# Degrado Diaco: intervisterà Babbo Natale



## fabri47 (20 Dicembre 2022)

Incredibile annuncio di *Pierluigi Diaco* a *BellaMa'*: il *23 dicembre* nella sua trasmissione, in onda alle 15:25 su Rai 2, *intervisterà Babbo Natale*.


----------



## fabri47 (20 Dicembre 2022)




----------



## Swaitak (20 Dicembre 2022)

fabri47 ha scritto:


> Incredibile annuncio di *Pierluigi Diaco* a *BellaMa'*: il *23 dicembre* nella sua trasmissione, in onda alle 15:25 su Rai 2, *intervisterà Babbo Natale*.


basta che sotto la maschera non c'è Zelensky


----------



## admin (20 Dicembre 2022)

Che a sua volta farà coming out. Da Gay1 mi aspetto questo ed altro


----------



## fabri47 (20 Dicembre 2022)

admin ha scritto:


> Che a sua volta farà coming out. Da Gay1 mi aspetto questo ed altro


No no è su Rai 2, in quanto Diaco è l'idolo della Meloni. E' uno dei pochi gay di destra  .


----------



## fabri47 (20 Dicembre 2022)

fabri47 ha scritto:


> No no è su Rai 2, in quanto Diaco è l'idolo della Meloni. E' uno dei pochi gay di destra  .


Qualche mese fa, disse Dagospia che la Meloni quando ancora non era al governo andò dall'AD Rai Fuortes per convincerlo a ripromuovere Diaco sulla prima rete in estate al pomeriggio, ma alla fine Coletta (altro gaio direttore delle prime serate Rai e dell'intrattenimento) si oppose per paura che non si togliesse la sua amata Bortone al pomeriggio.


----------



## Toby rosso nero (20 Dicembre 2022)

admin ha scritto:


> Che a sua volta farà coming out. Da Gay1 mi aspetto questo ed altro


----------



## Ramza Beoulve (20 Dicembre 2022)

Speriamo non salti fuori un Babbo Natale ateo, fluido e diversamente caucasico... Magari pure col bandierone ucraino... 
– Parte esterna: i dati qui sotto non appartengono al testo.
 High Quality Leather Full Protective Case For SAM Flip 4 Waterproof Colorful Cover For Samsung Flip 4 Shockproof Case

Giù le mani almeno dal Natale!


----------



## fabri47 (20 Dicembre 2022)

*Nella puntata di oggi, intervista al Divino Otelma.*


----------



## Clarenzio (20 Dicembre 2022)

Toby rosso nero ha scritto:


>



Sostegno alla gerontofilia, complimenti


----------



## Swaitak (20 Dicembre 2022)

Toby rosso nero ha scritto:


>


penso che nessun bambino abbia mai accostato babbo natale a qualcosa di sessuale... per cui, perche?


----------



## Zenos (20 Dicembre 2022)

Dentro il vestito ci sarà Alfonso Signorini...


----------



## KILPIN_91 (21 Dicembre 2022)

fabri47 ha scritto:


> *Nella puntata di oggi, intervista al Divino Otelma.*


ancora gira sto qua?


----------



## Blu71 (21 Dicembre 2022)

fabri47 ha scritto:


> Incredibile annuncio di *Pierluigi Diaco* a *BellaMa'*: il *23 dicembre* nella sua trasmissione, in onda alle 15:25 su Rai 2, *intervisterà Babbo Natale*.
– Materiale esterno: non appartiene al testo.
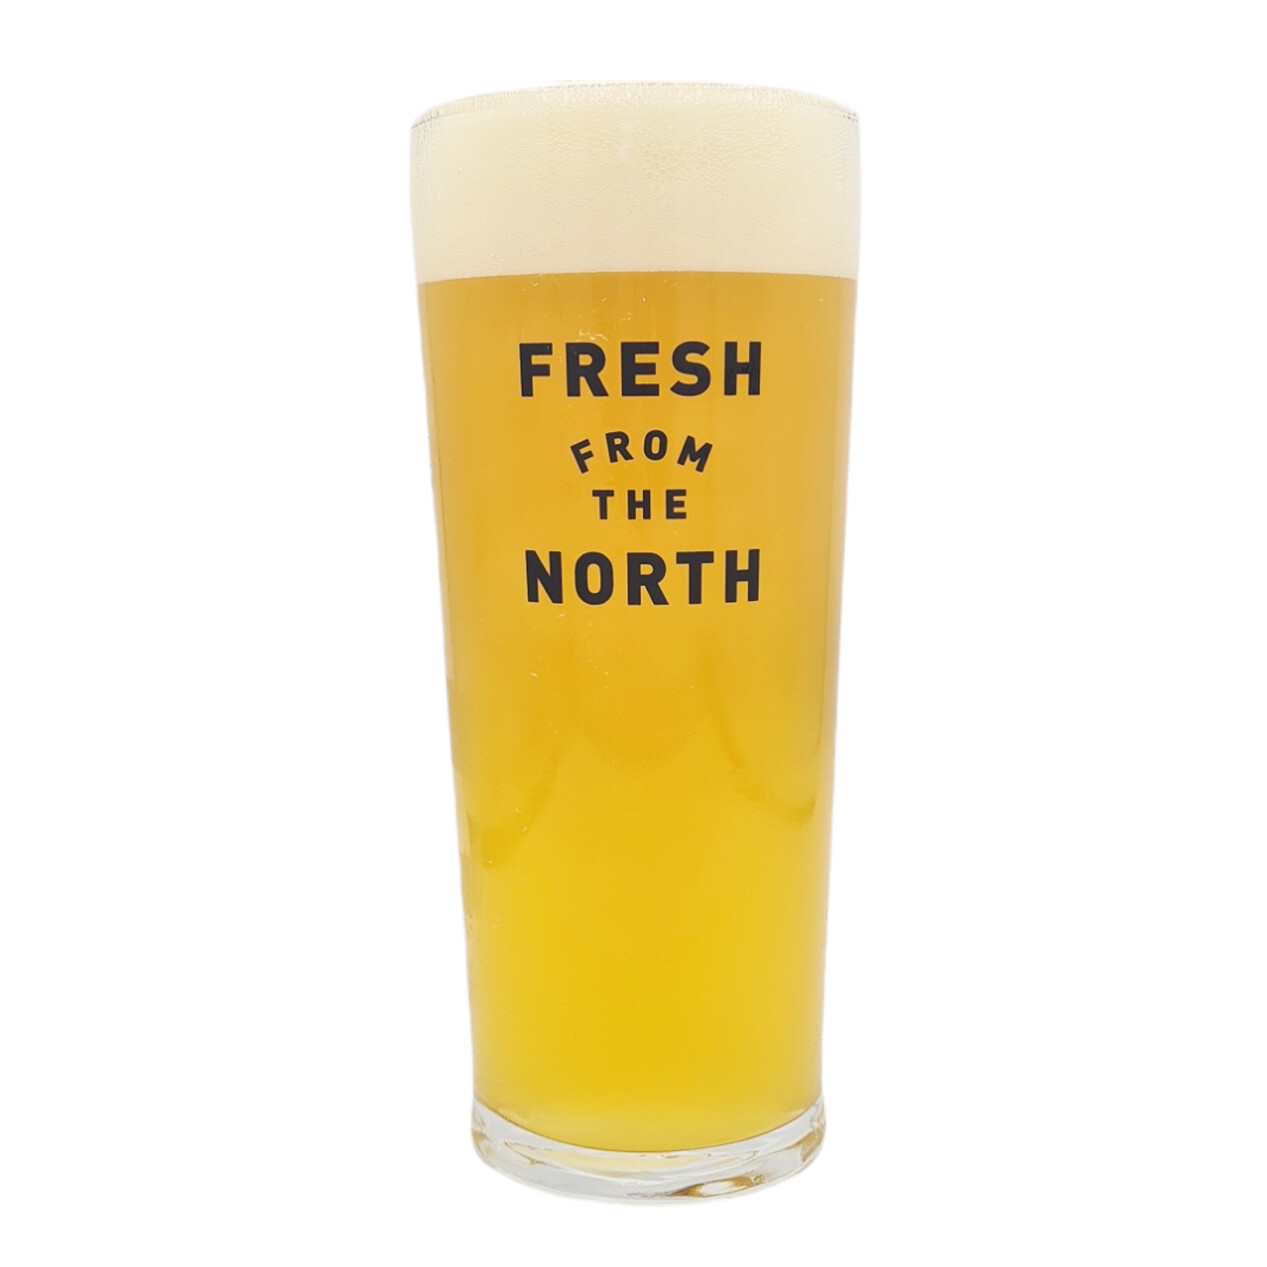 Northern Monk FRESH FROM THE NORTH Pint Glass

Rivolta della Befana per sessismo.


----------



## fabri47 (23 Dicembre 2022)

Parte adesso!


----------



## fabri47 (23 Dicembre 2022)

Che trashata ahahhahah!


----------



## Toby rosso nero (23 Dicembre 2022)

Allora, chi era il travione nascosto?


----------



## fabri47 (23 Dicembre 2022)

Toby rosso nero ha scritto:


> Allora, chi era il travione nascosto?


No tutto normale, Diaco ha portato una bambina, assieme alla mamma, a fargli conoscere Babbo Natale che era ovviamente un attore, che ha detto le solite cose che si dicono ai bambini per fargli credere che esiste. Diaco è raccomandato dalla Meloni, se faceva un minimo di propaganda subdola veniva cacciato fuori  .


----------



## Toby rosso nero (23 Dicembre 2022)

fabri47 ha scritto:


> No tutto normale, Diaco ha portato una bambina, assieme alla mamma, a fargli conoscere Babbo Natale che era ovviamente un attore, che ha detto le solite cose che si dicono ai bambini per fargli credere che esiste. Diaco è raccomandato dalla Meloni, se faceva un minimo di propaganda subdola veniva cacciato fuori  .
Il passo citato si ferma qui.